┌─ SUPPLIED MATERIAL
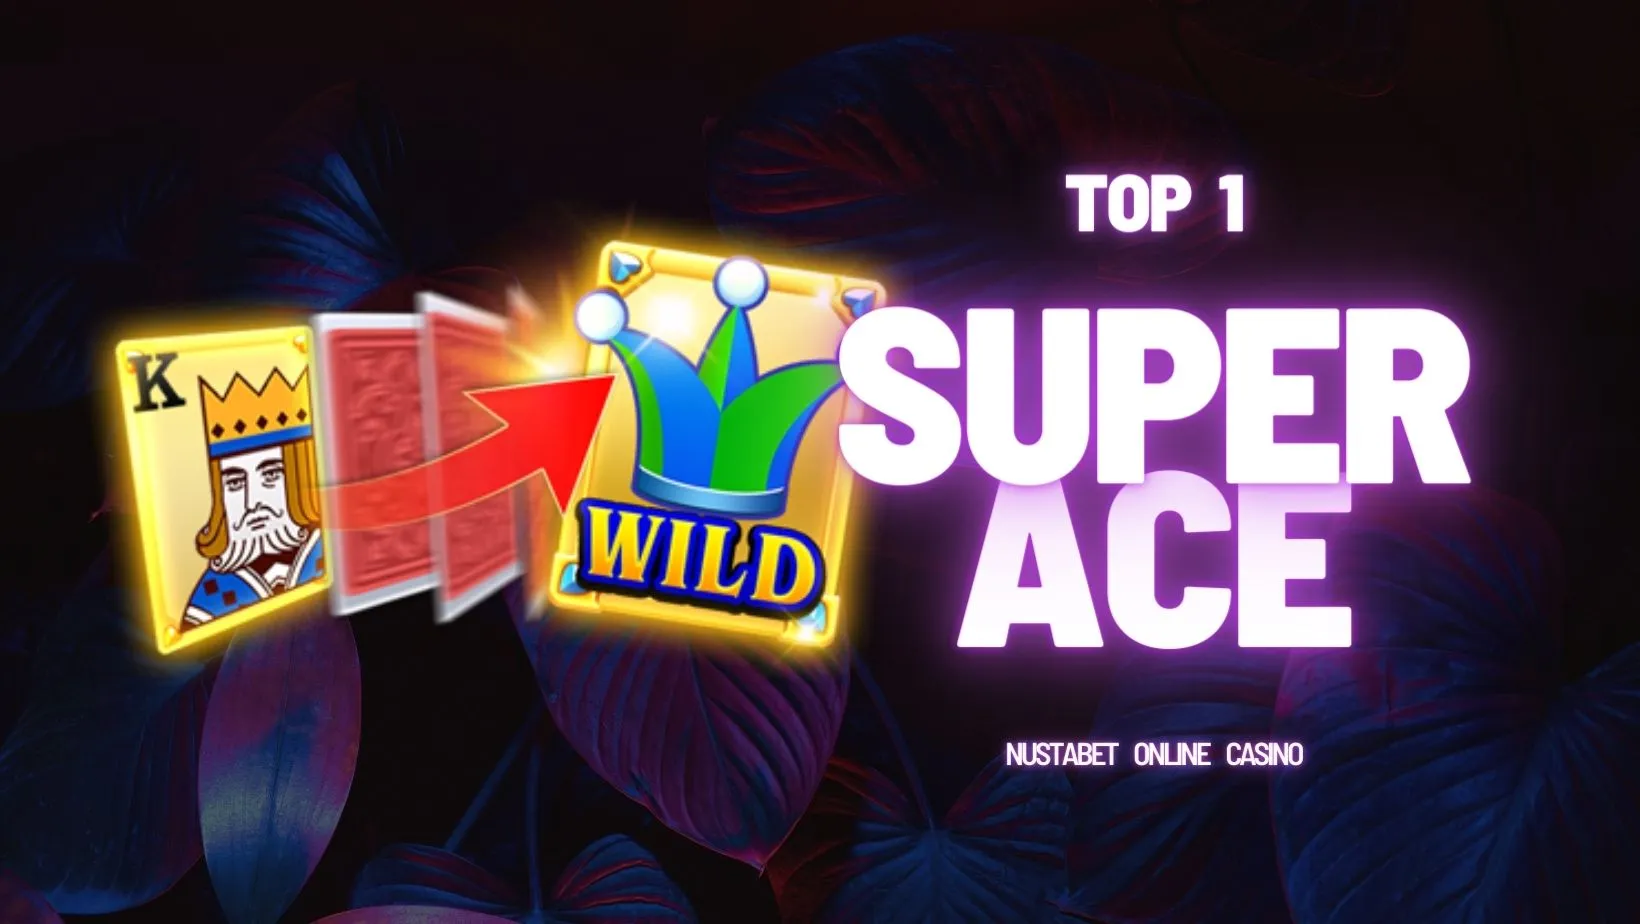 Super Ace | Jili Slot Games | Slot Online | Nustabet Online Casino
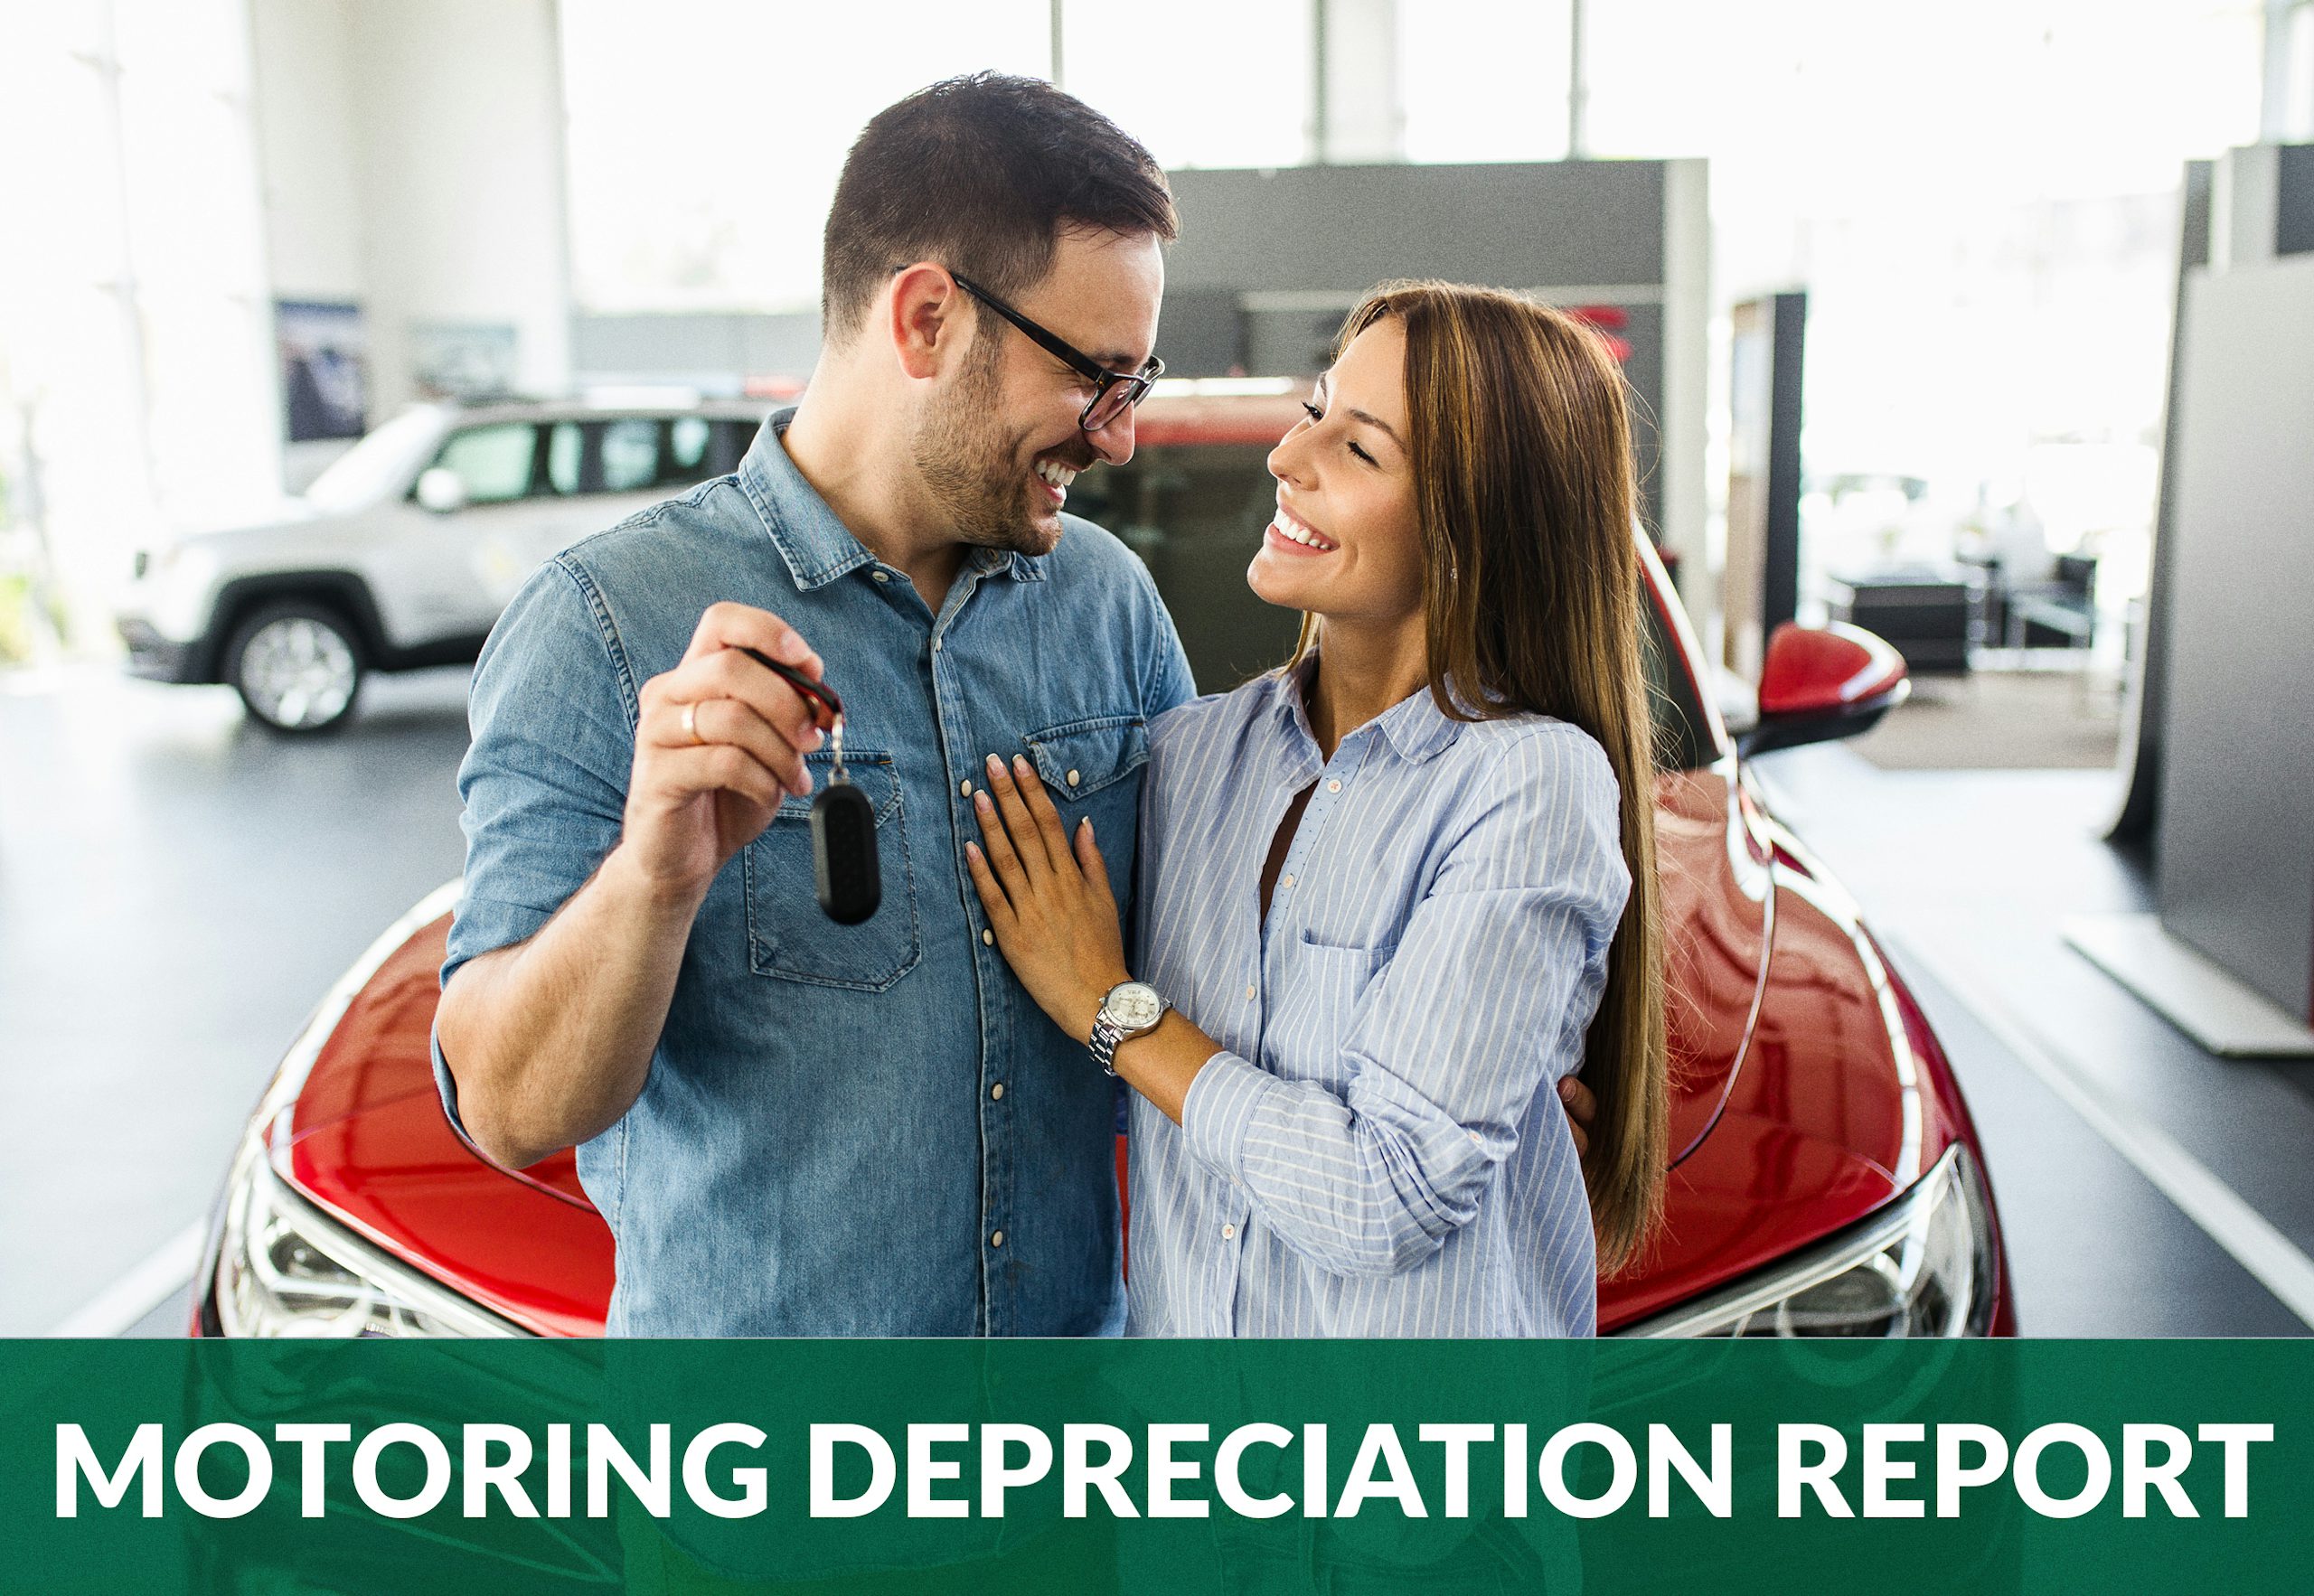 Motoring depreciation report
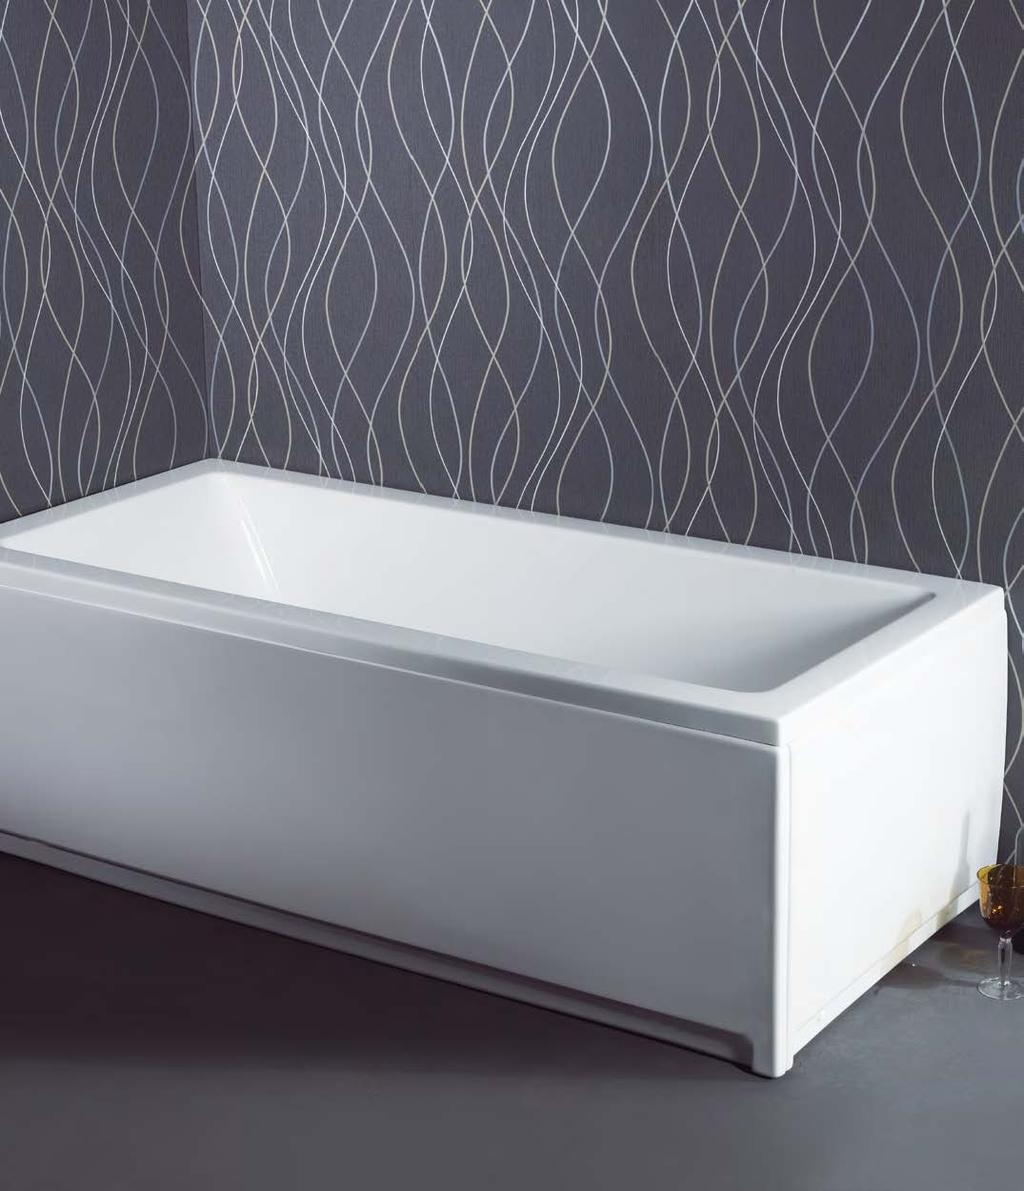 QUADRA Ευθύγραμμη ακρυλική μπανιέρα με εμπρόσθια και πλαϊνή μετώπη, σε 3 μεγέθη Rectilinear acrylic bathtub with front and side
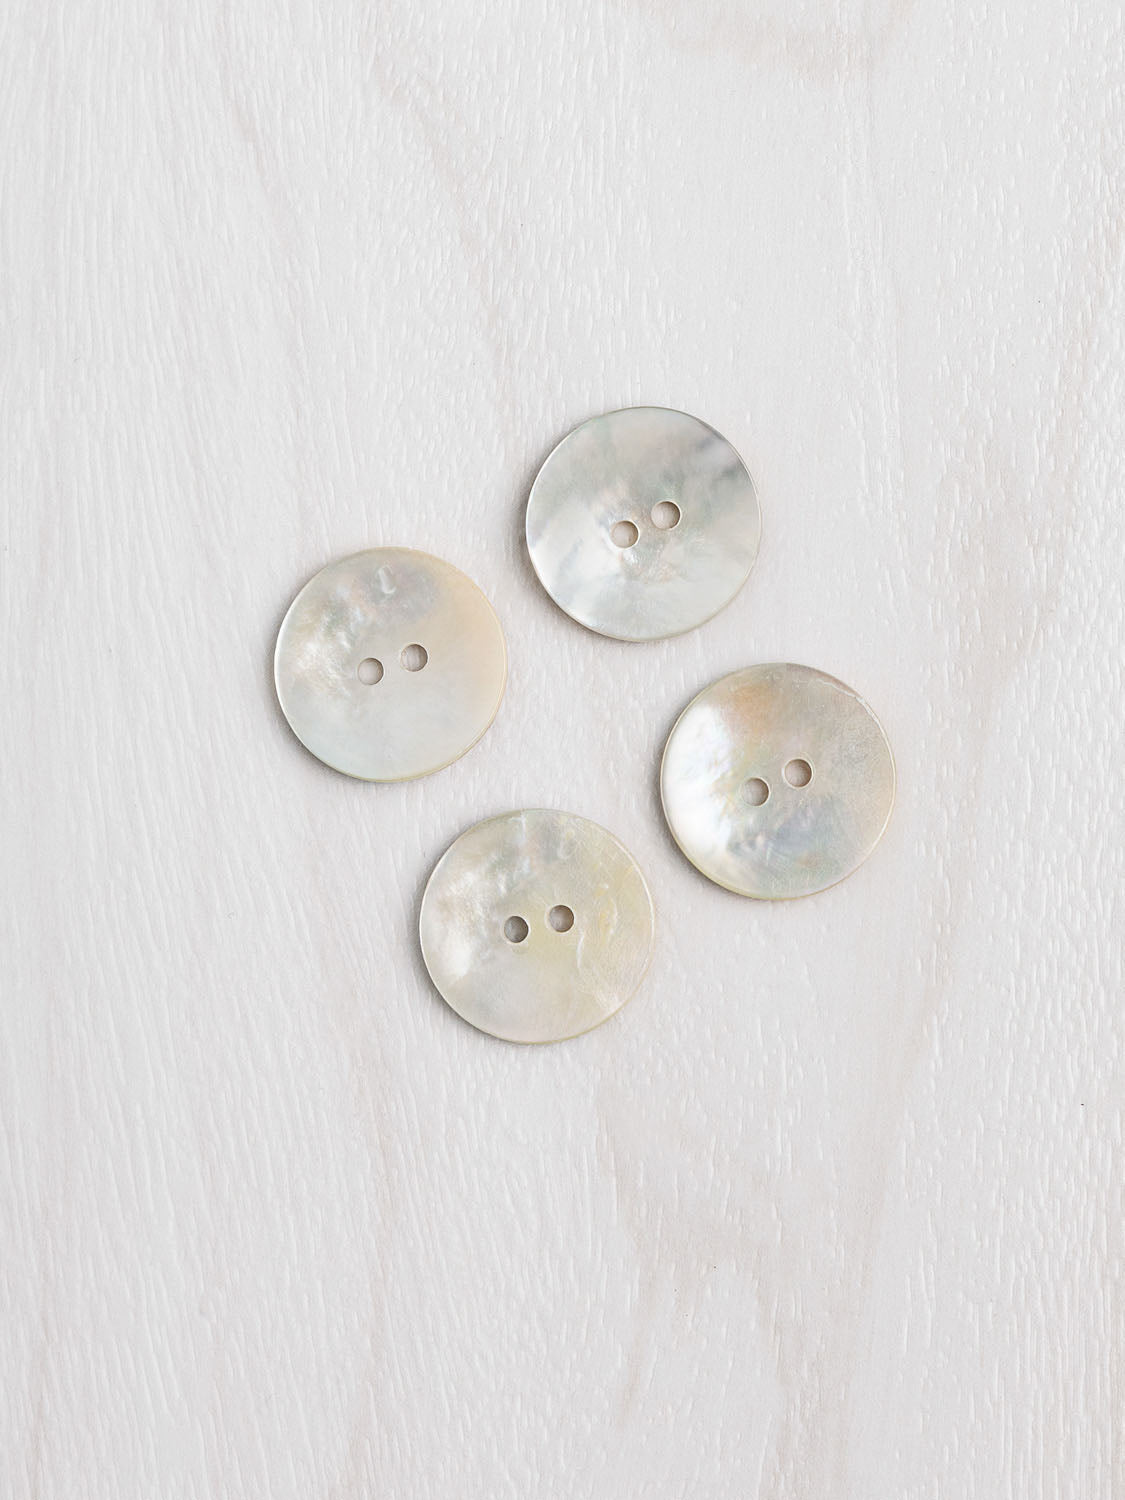 Buttons – Core Fabrics
└─
-- EXERCISE GOAL --
Each line from the one with "QUADRA Ευθύγραμμη ακρυλική" to the end of the material needs to be output word for word, with no picture included.

-- RESPONSE --
 QUADRA Ευθύγραμμη ακρυλική μπανιέρα με εμπρόσθια και πλαϊνή μετώπη, σε 3 μεγέθη Rectilinear acrylic bathtub with front and side
 Buttons – Core Fabrics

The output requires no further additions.